Treating ADHD requires early intervention strategies to help children in all the deficient areas: working memory, suppression of inappropriate behaviors, inhibitory control, and shift between different activities [22]. Young people are often difficult to engage in treatment [23], which limits ADHD self-management into adulthood [24]. In addition, the persistence of the disorder in adolescence and adulthood is not matched by a continuity of care and treatment. Therefore, it is important to intervene during childhood [25] by enabling ADHD children to learn how to self-manage the impulsivity and inhibition to prevent the dysfunctional behaviors in adulthood [26,27].
ADHD patients get bored quickly, prefer immediate reward, and are usually motivated by the need to maintain the experience at a “minimum waiting level” [28]. Hence, it is important to constantly catch their attention: gamification (i.e., the application of game elements) can satisfy this requirement. SGs can help the child to stay focused and engaged the whole time, thus enhancing motivation and treatment effectiveness [29]. The same scenes and exercises can be repeated differently to prevent boredom and keep motivation high [30].
Several studies support the notion that SGs could help children, in particular those with ADHD, in improving attention abilities and executive functions [31]: e.g., CogMed©, a computerized training program [32]; PlayMancer (with the inclusion of biosignal data) [33]; Harvest Challenge BCI videogame, with the measurement of cerebral signals [34]; Virtual Classroom [35]; Plan-it Commander [36]; Boogies Academy; and Cuibrain [37]. Other studies highlight that SGs (e.g., Timo’s Adventures [38]) could be useful to assess the abilities of young children with ADHD (cognitive function, reward mechanisms, and time perception). Some SGs include neurofeedback systems; It has been shown that these improve executive control in subjects with ADHD in combination with pharmacological treatment [39]. Other SGs use electroencephalogram (EEG) feedback to train attention ability [40]. In a pilot study, Lau et al. [41] investigated the effectiveness of a brain-computer interface (Braingame Brian [42]) in ADHD and found an increase in the ability to control inattentive symptoms and hyperactive-impulsive symptoms.

2. The Design of the SG

Not all SGs are useful for rehabilitation. Literature suggests three required components for the development of interventions based on SGs [43]. Firstly, interventions should be supported by current valid theories [44,45]. Secondly, interventions should be developed with the collaboration of the stakeholders [46]. Lastly, developers should account for the background in which the intervention is developed, considering the circumstances [47].

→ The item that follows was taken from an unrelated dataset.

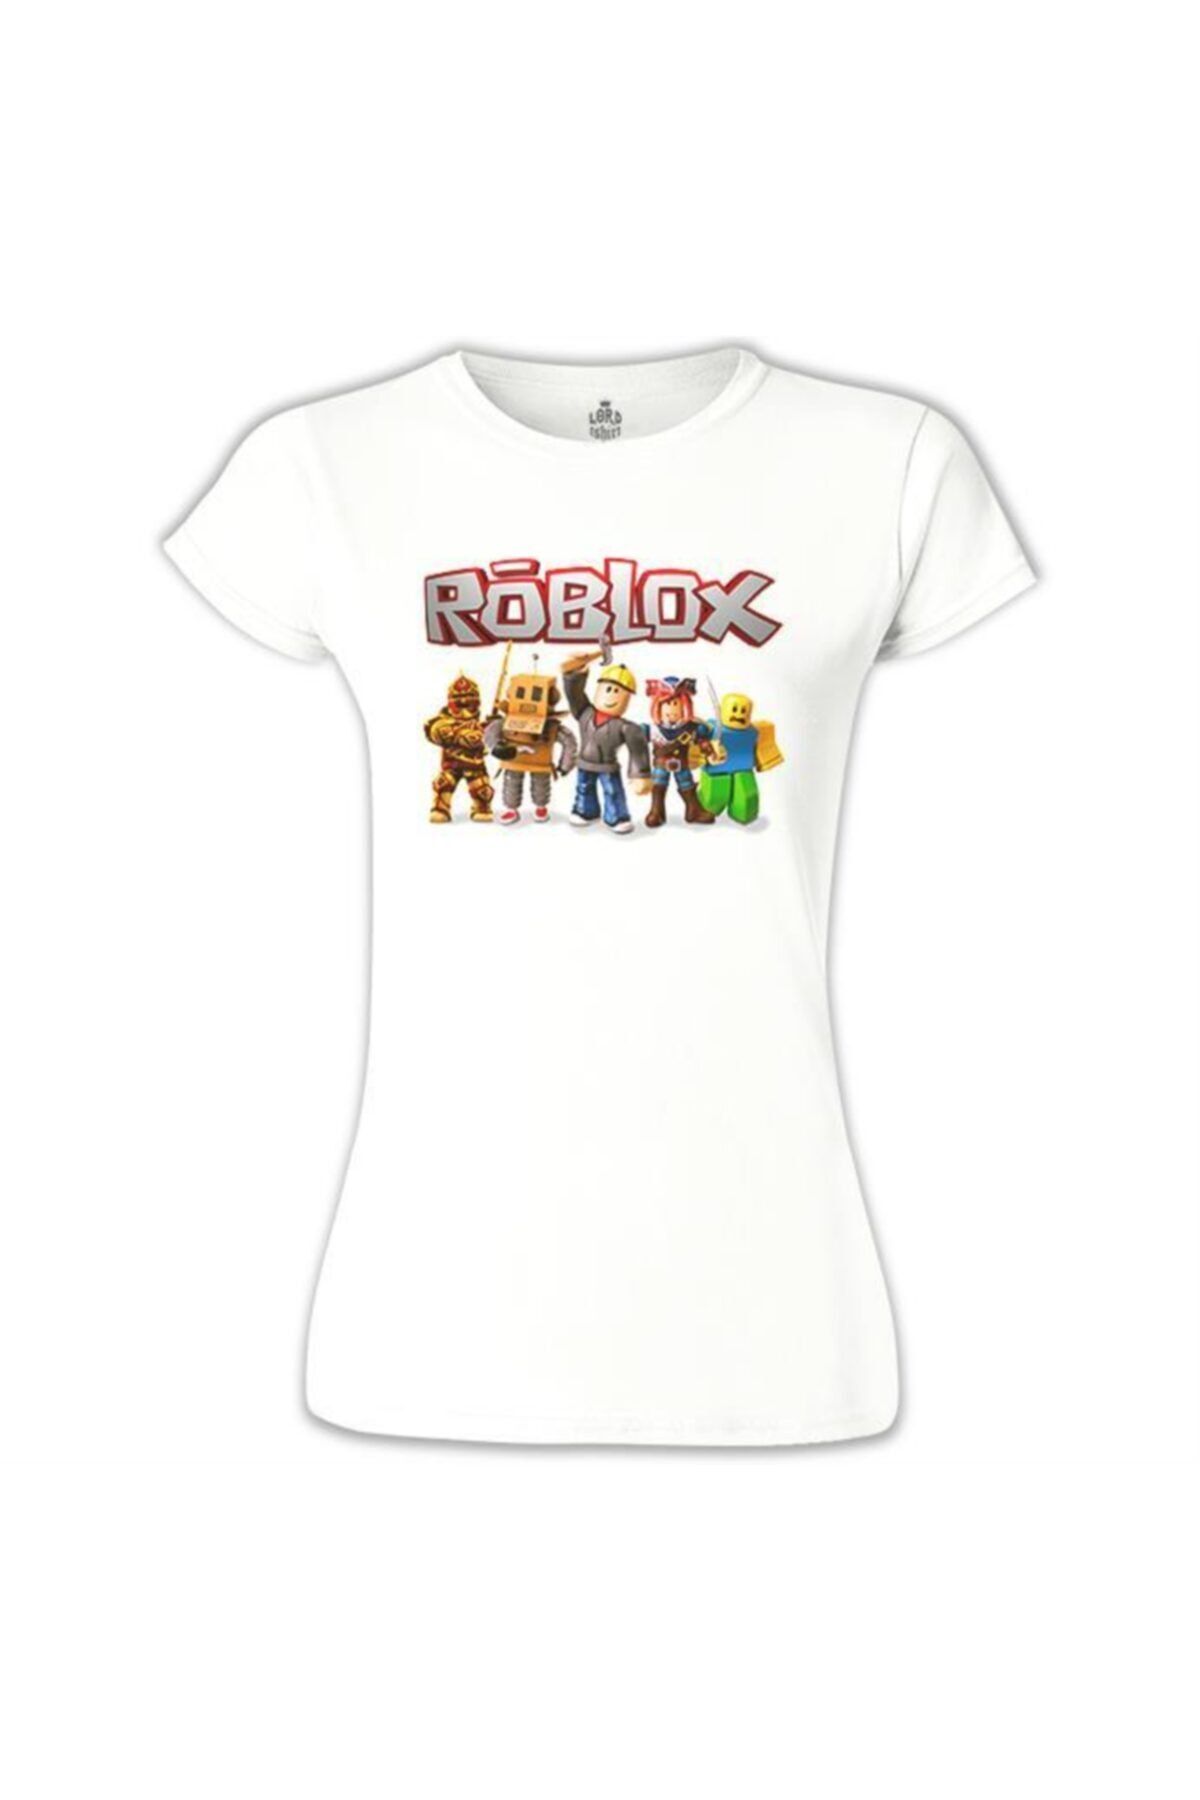 Lord T-Shirt Roblox - Macera Beyaz Bayan Tshirt

The SG presented in this paper has been developed focusing on these three main aspects. Firstly, the SG, called Antonyms, is based on a current valid theory: the Dual Pathway Model (DPM) proposed by Edmund Sonuga-Barke [48] to explain ADHD symptoms. The DPM considers two different developmental paths that identify ADHD: the cognitive pathway, related to inhibition and general executive dysfunction, and the motivational pathway, associated with delay aversion [48,49]. The first path is linked with activities that improve inhibition control and impulsivity control. The second path refers to activities that require a delay of reinforcement, thus it contrasts the tendency to choose an immediate smaller reward by making/constraining the subject waiting for a larger delayed reward.

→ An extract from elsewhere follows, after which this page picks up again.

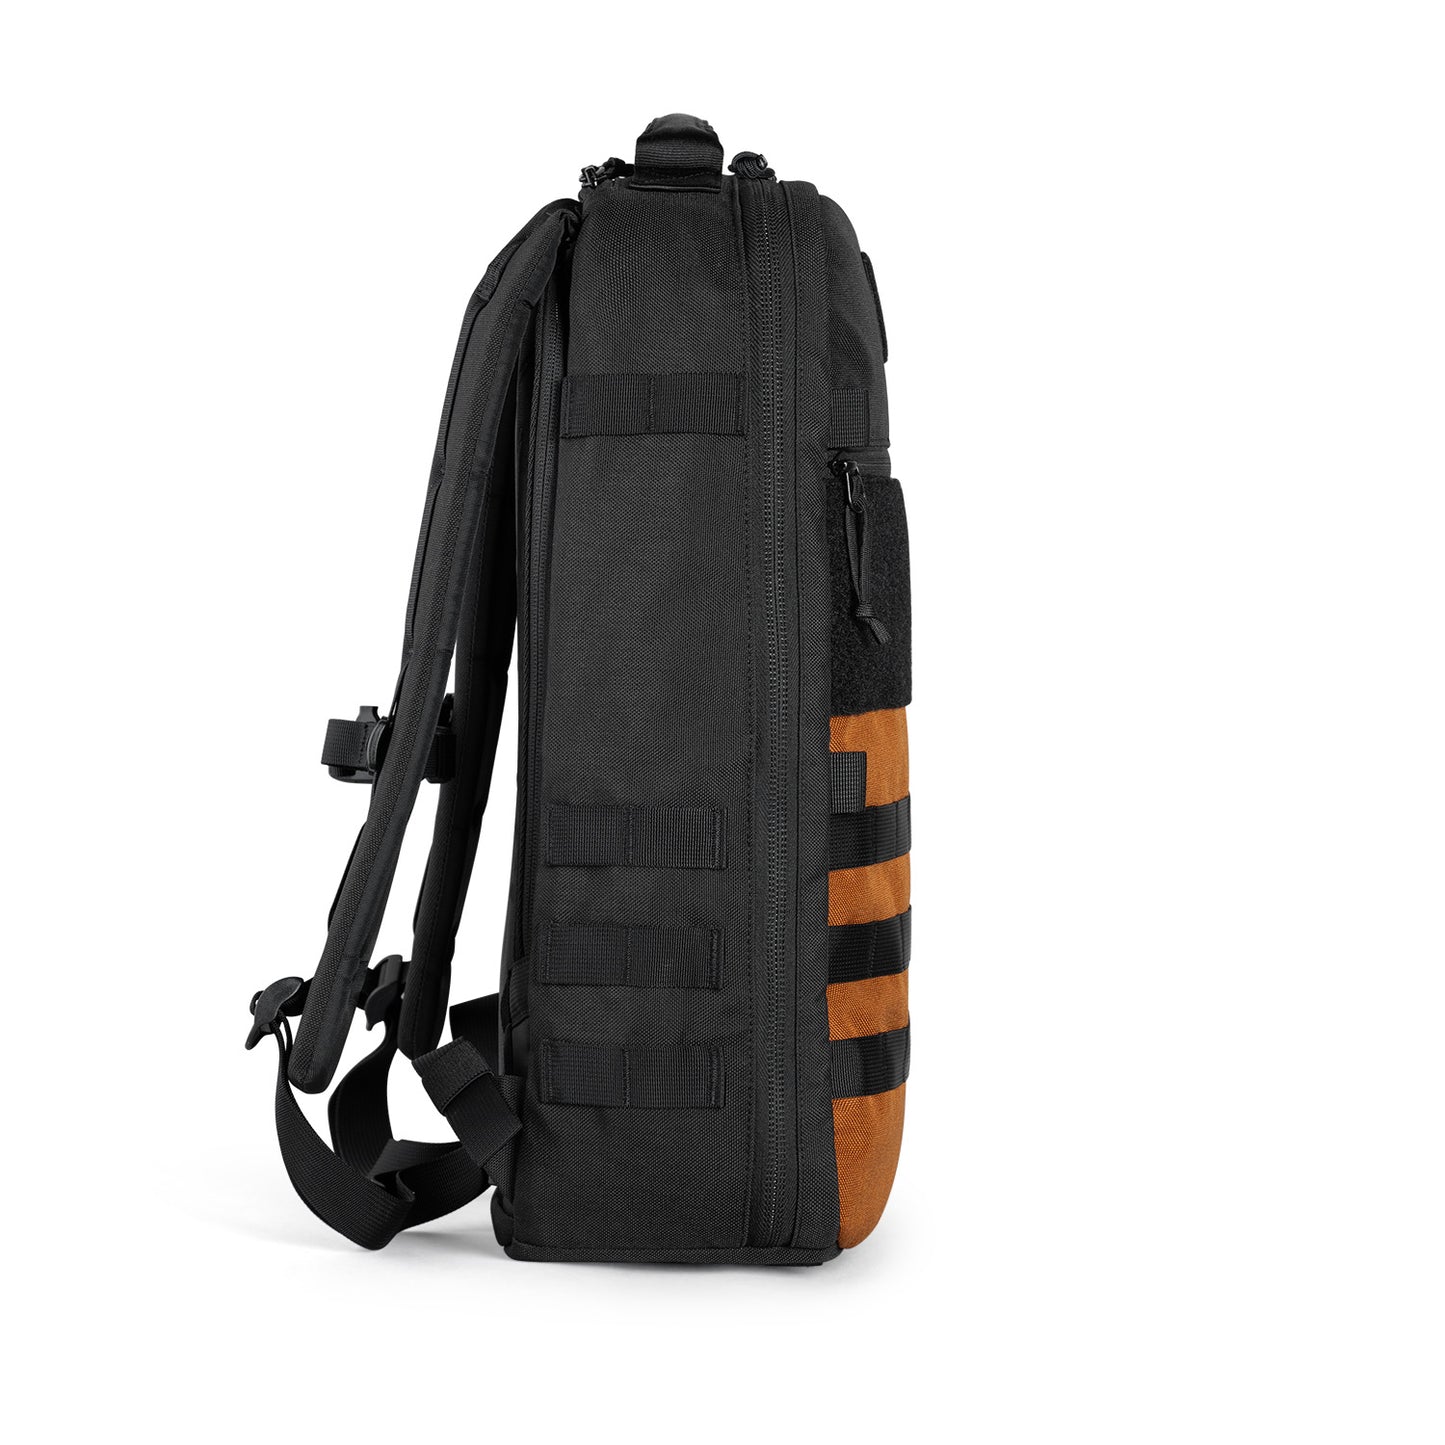 CT21 V3.0 Backpack - The Tanker - 1000D Cordura® Nylon

The game was developed with the collaboration of children in order to include stakeholders [47], thus satisfying the second requirement. It focuses on the three main aspects of ADHD, namely inhibition—the ability to curb the behavior to allow the individual to continue and complete the task [31], impulsivity—hasty actions being taken without reflection, resulting from a desire for immediate reward or an inability to delay gratification [49], and cognitive flexibility—the ability to change one’s mental perspective on the situation when needed [31].

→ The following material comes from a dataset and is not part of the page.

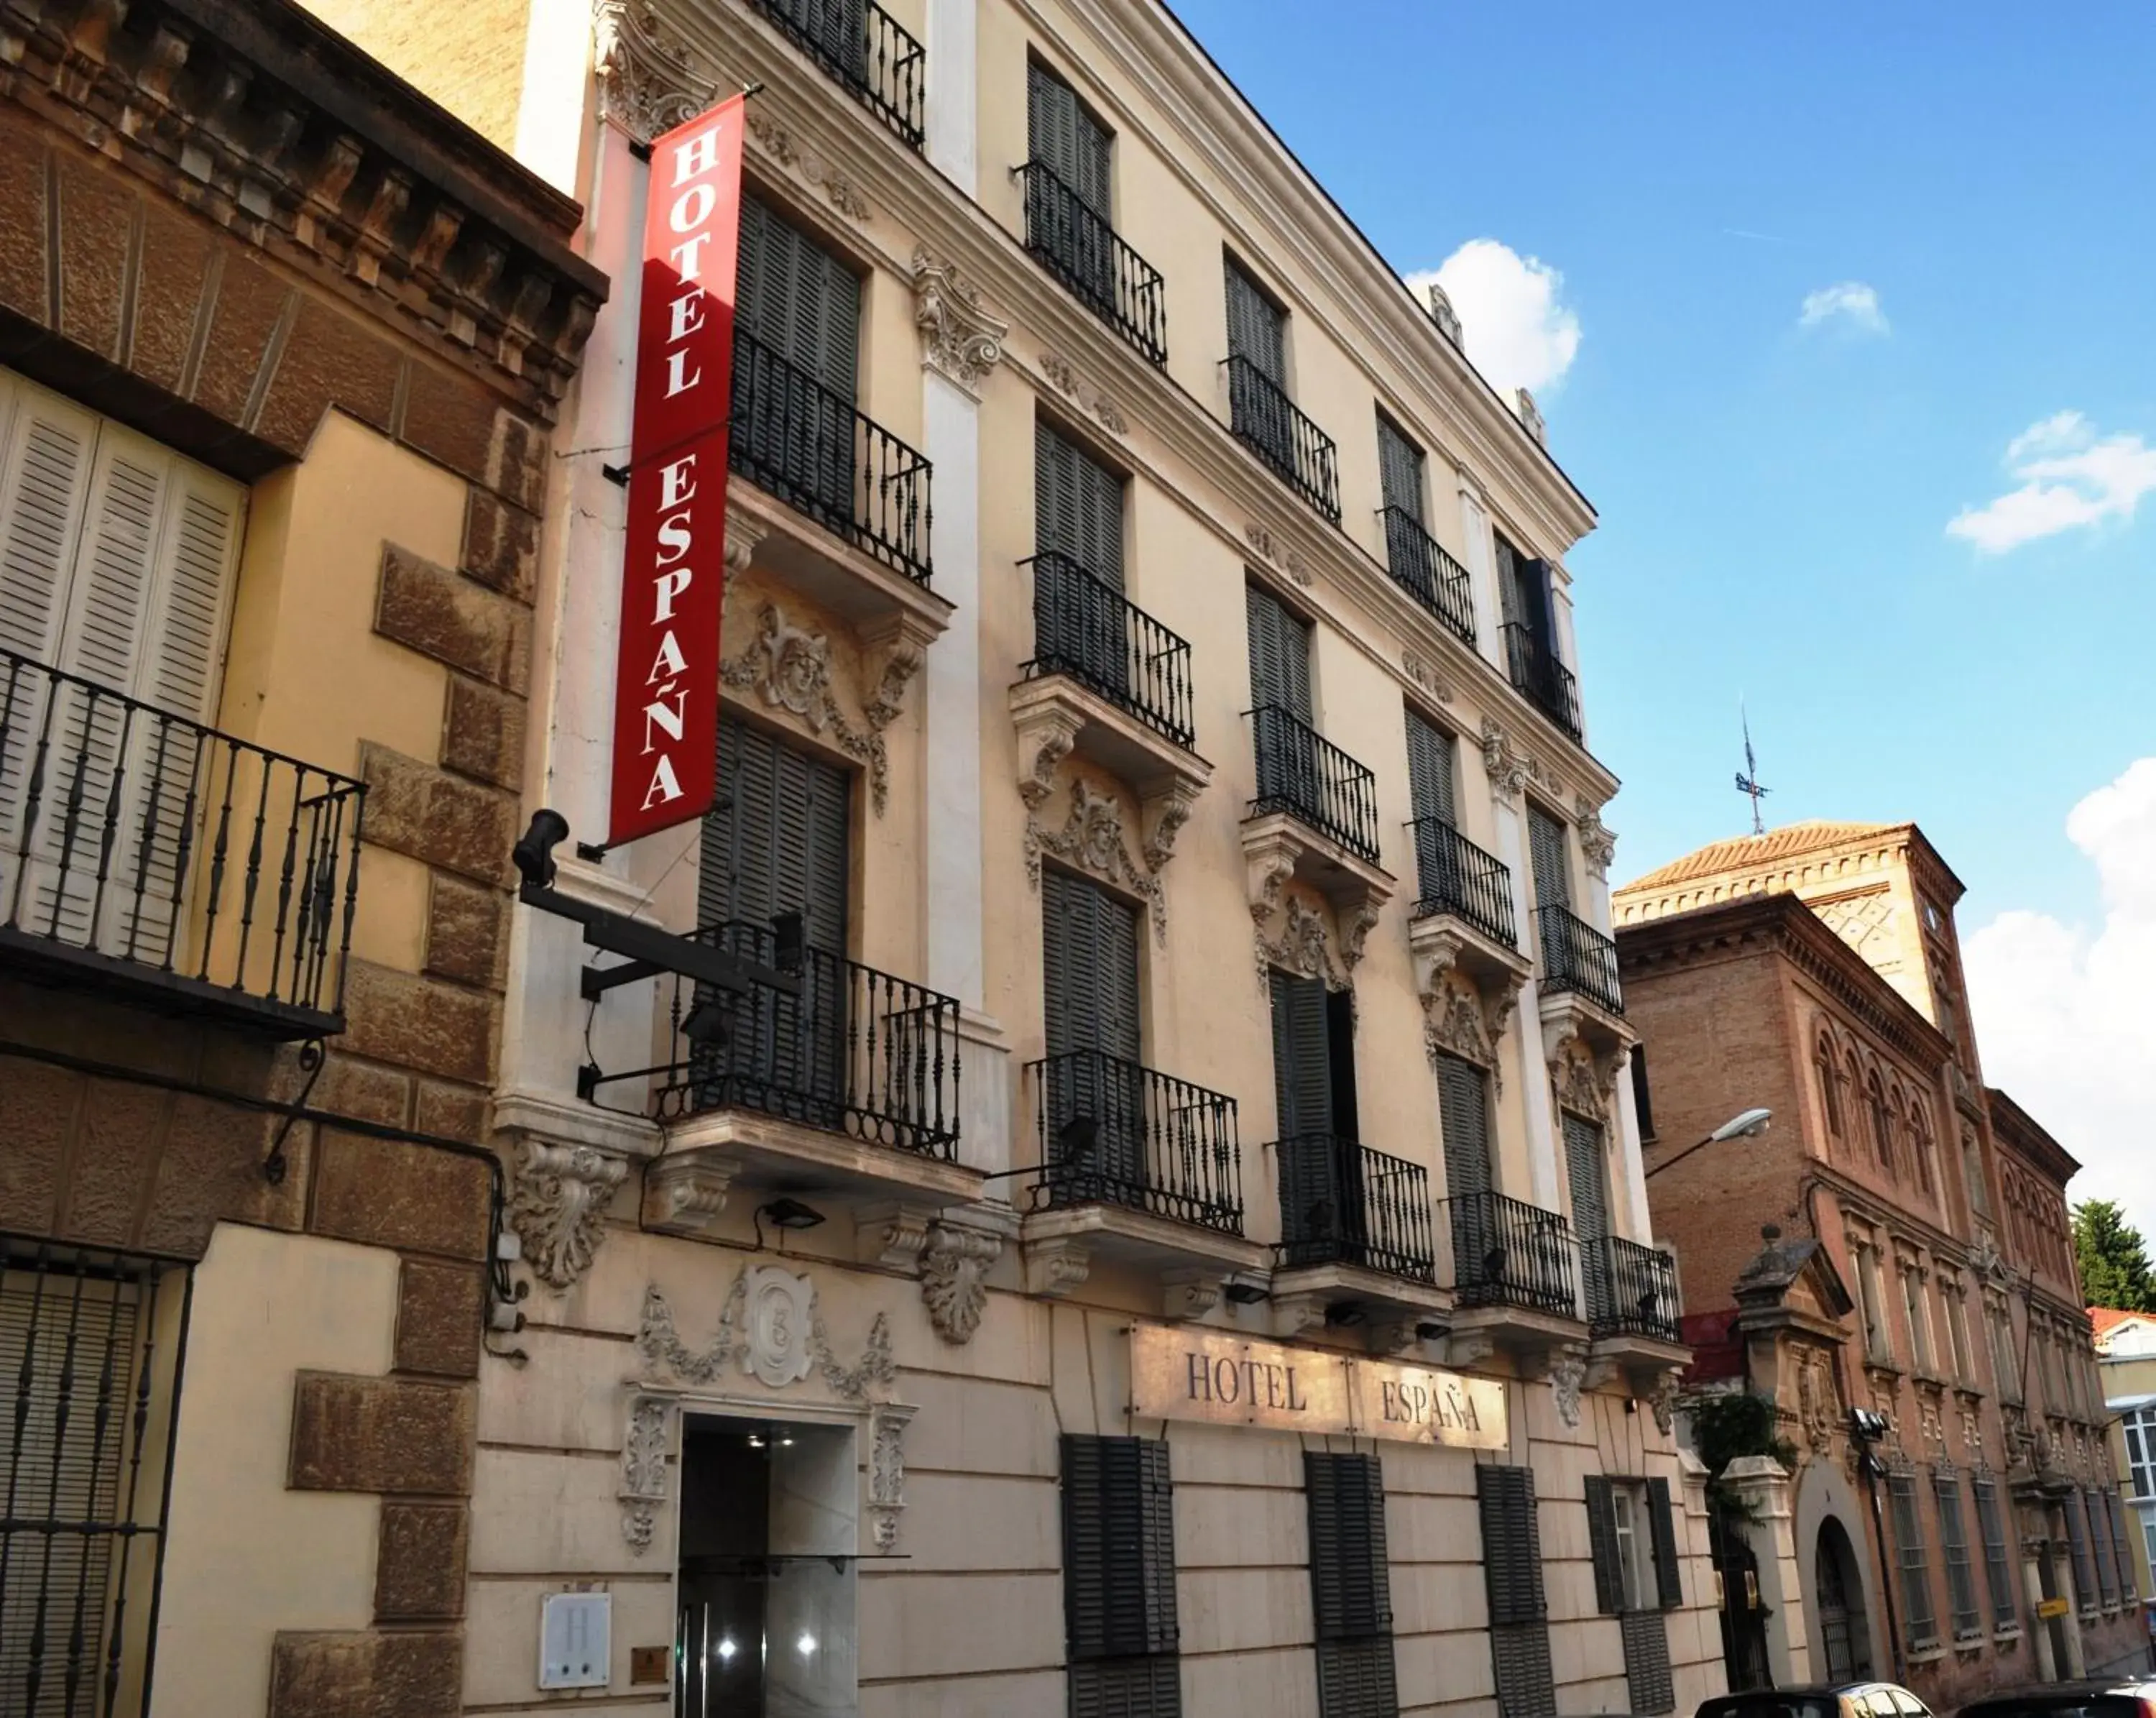 Property building in Hotel España

The SG is designed for educational and rehabilitation settings to assess and train impulsivity, inhibition control, and cognitive flexibility in children aged 8–12. The aim is to either improve poor inhibitory mechanisms in typically developing children or to habilitate such mechanisms in children with ADHD. The expected outcome is an increase in the ability to keep attention focused on the relevant elements of everyday life situations and to check the tendency to react without thoroughly analyzing the situation.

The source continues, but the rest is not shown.